Dataset excerpts:
- - -
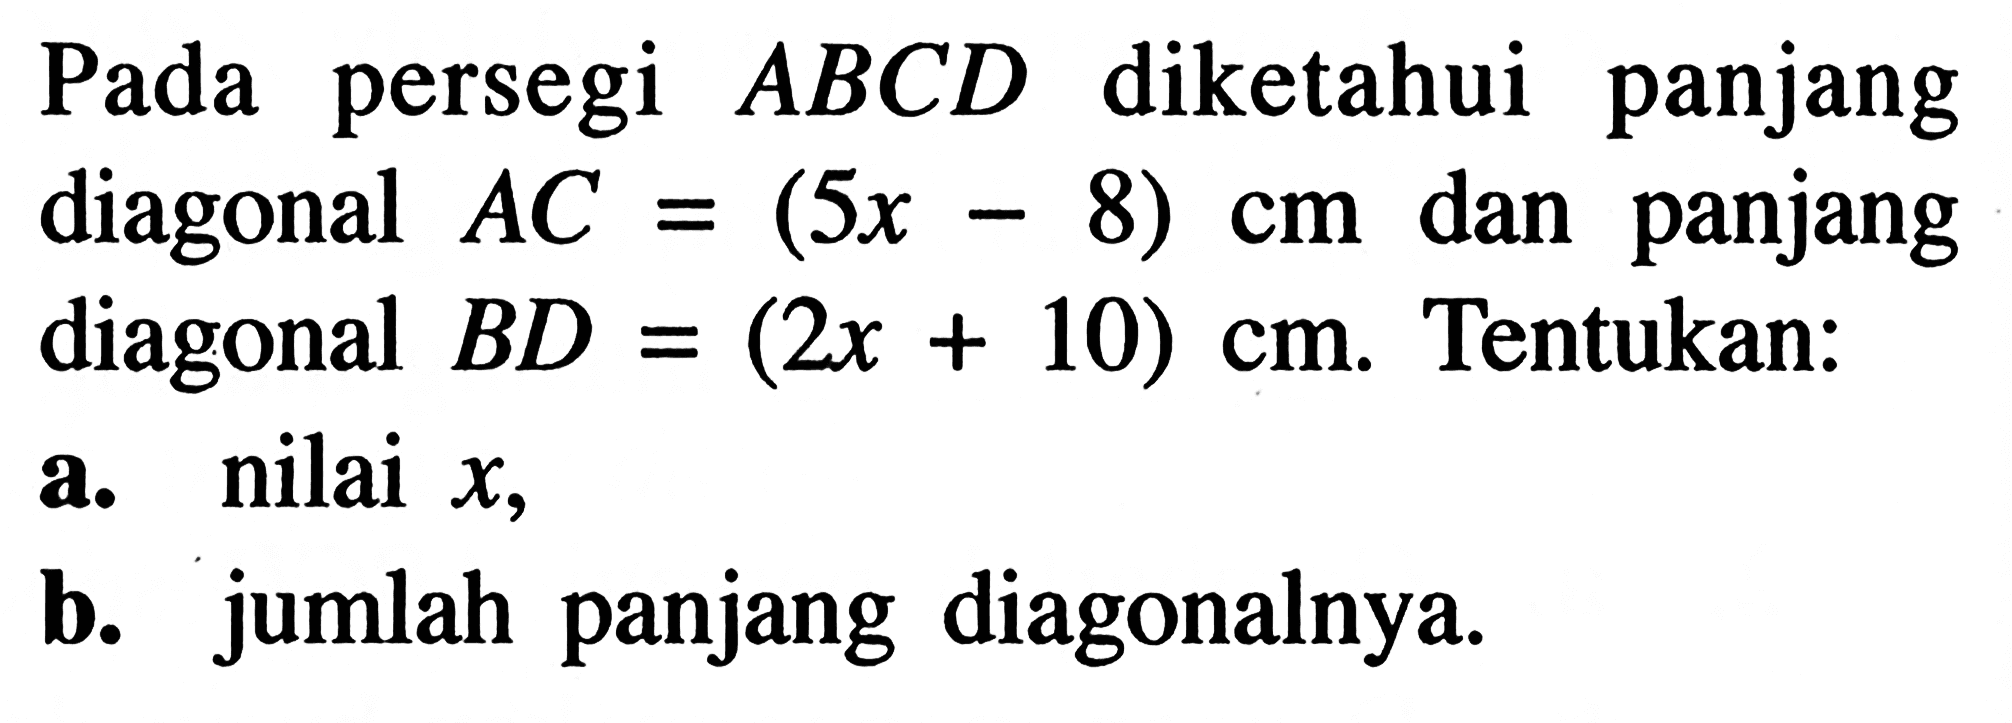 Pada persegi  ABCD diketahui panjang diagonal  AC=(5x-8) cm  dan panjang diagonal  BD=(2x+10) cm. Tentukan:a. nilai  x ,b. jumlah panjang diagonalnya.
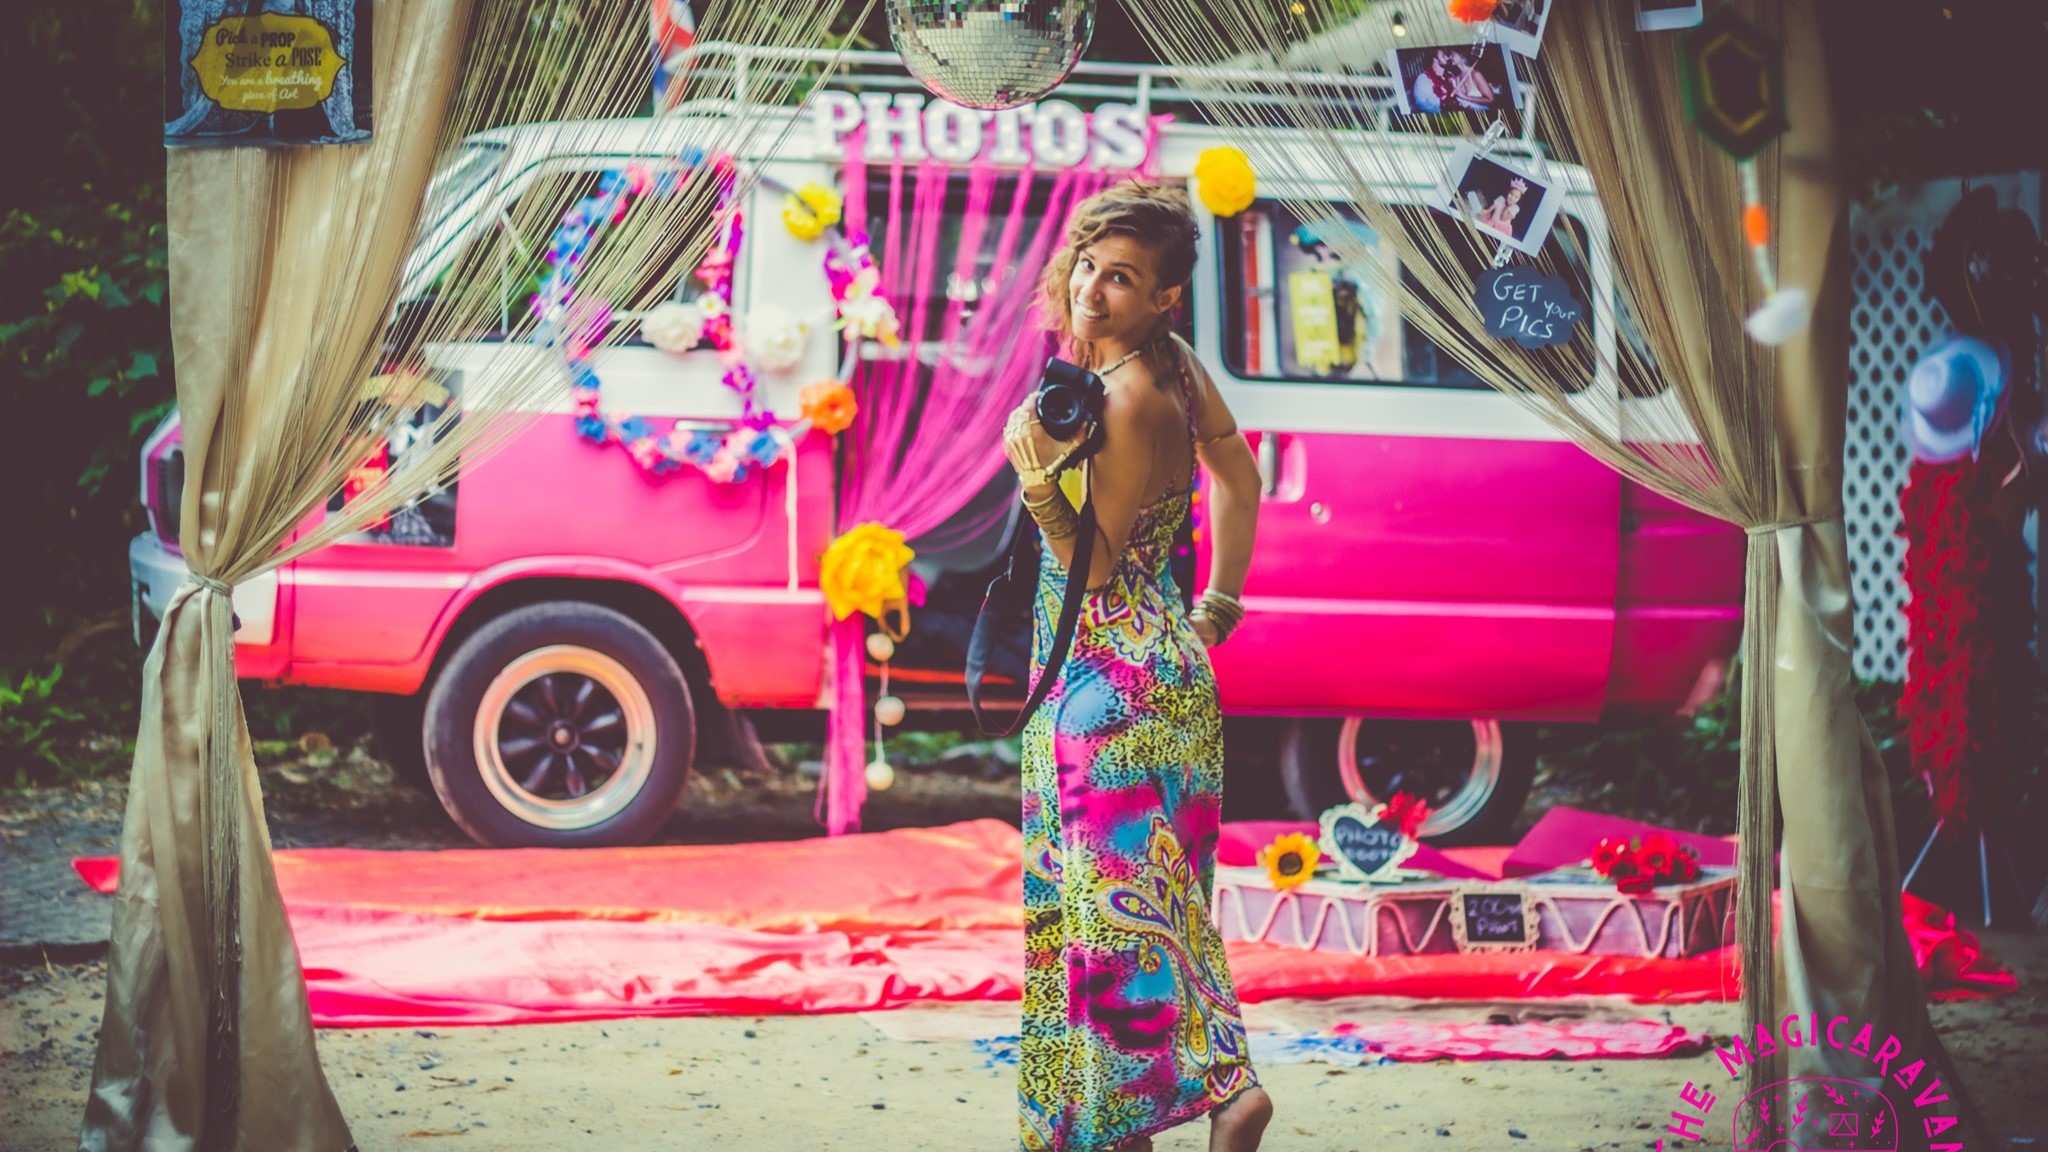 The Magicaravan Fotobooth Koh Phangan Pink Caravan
- - -
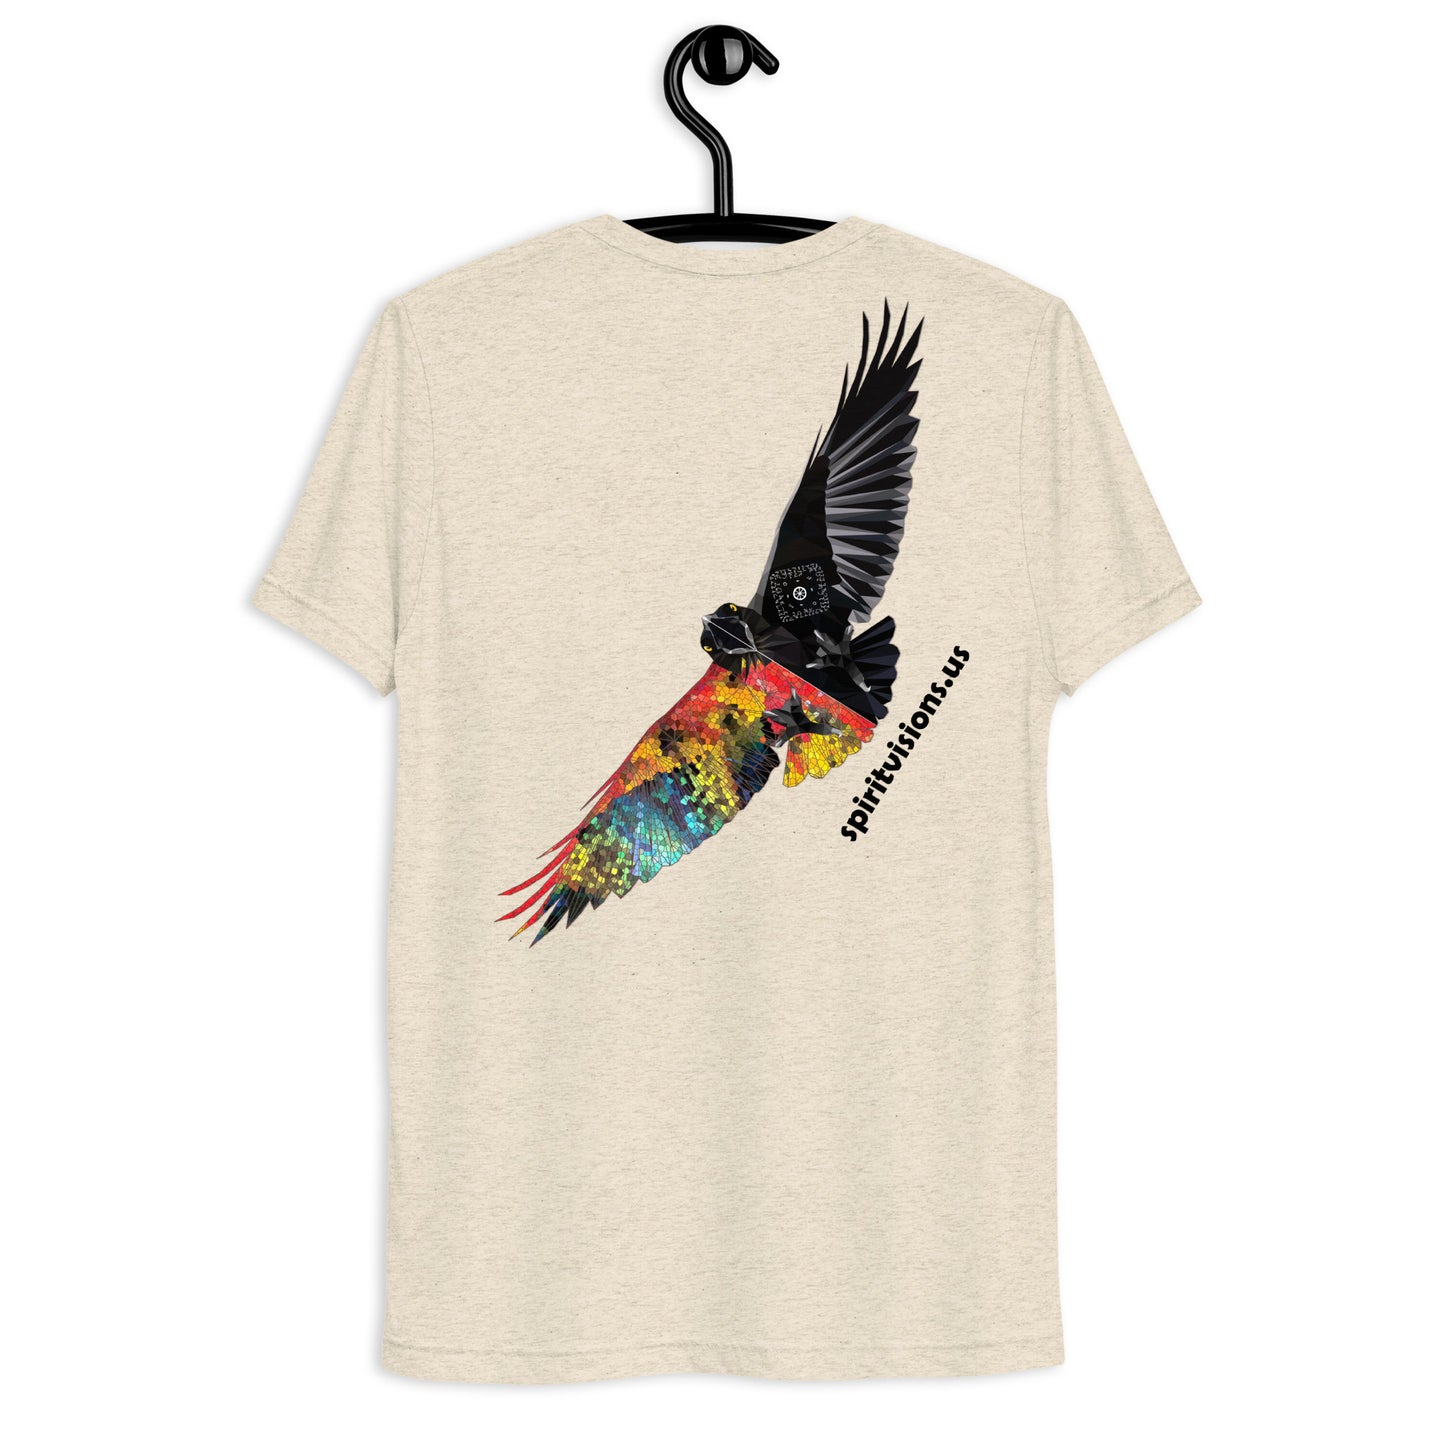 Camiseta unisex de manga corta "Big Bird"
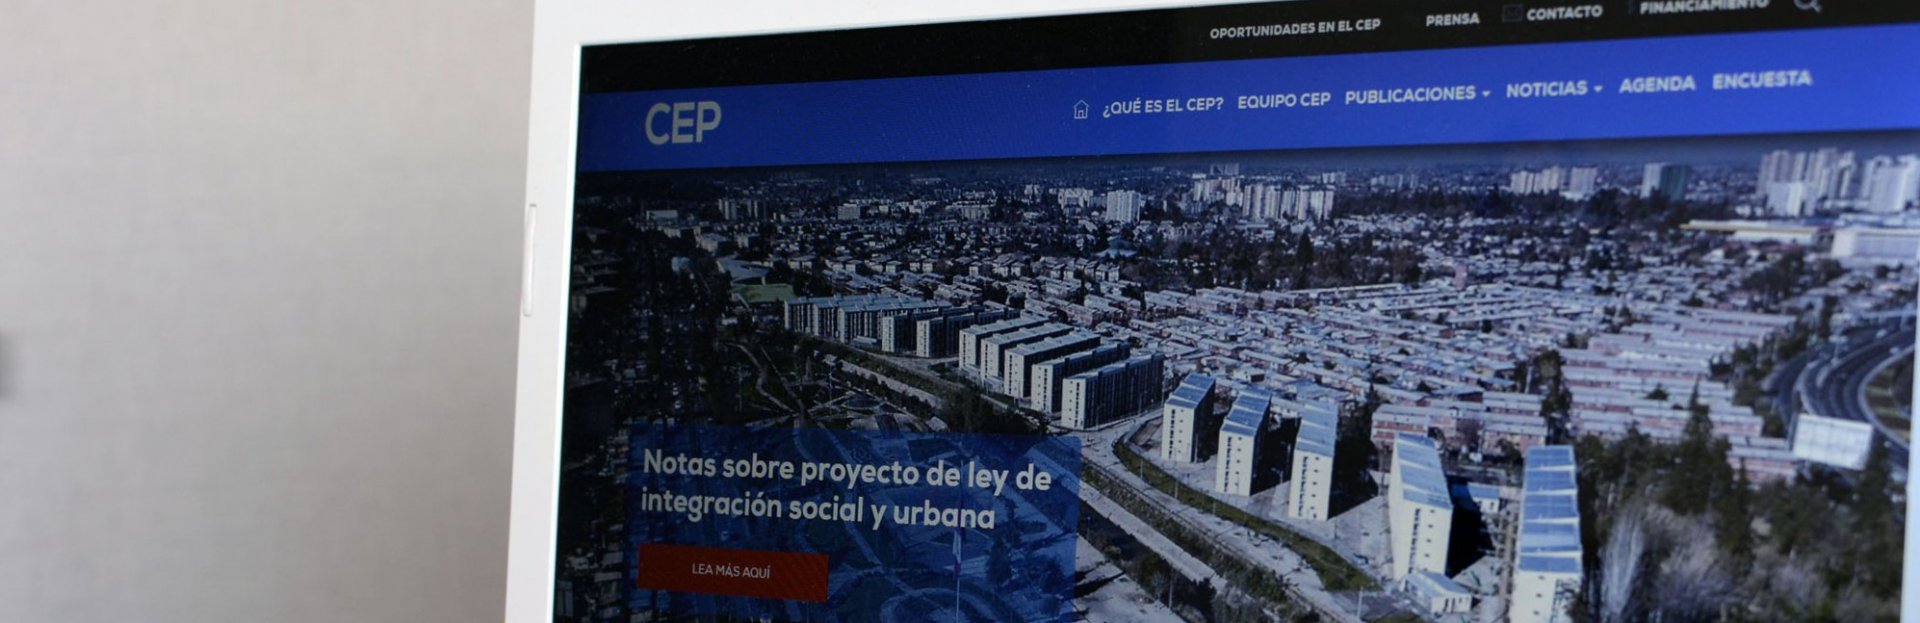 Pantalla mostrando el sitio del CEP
- - -
Problem description: Everything above from the line with "Camiseta unisex de" through the line with "Pantalla mostrando el sitio del CEP" should be retyped exactly, and nothing else; omit pictures.

Result:
 Camiseta unisex de manga corta "Big Bird"
 Pantalla mostrando el sitio del CEP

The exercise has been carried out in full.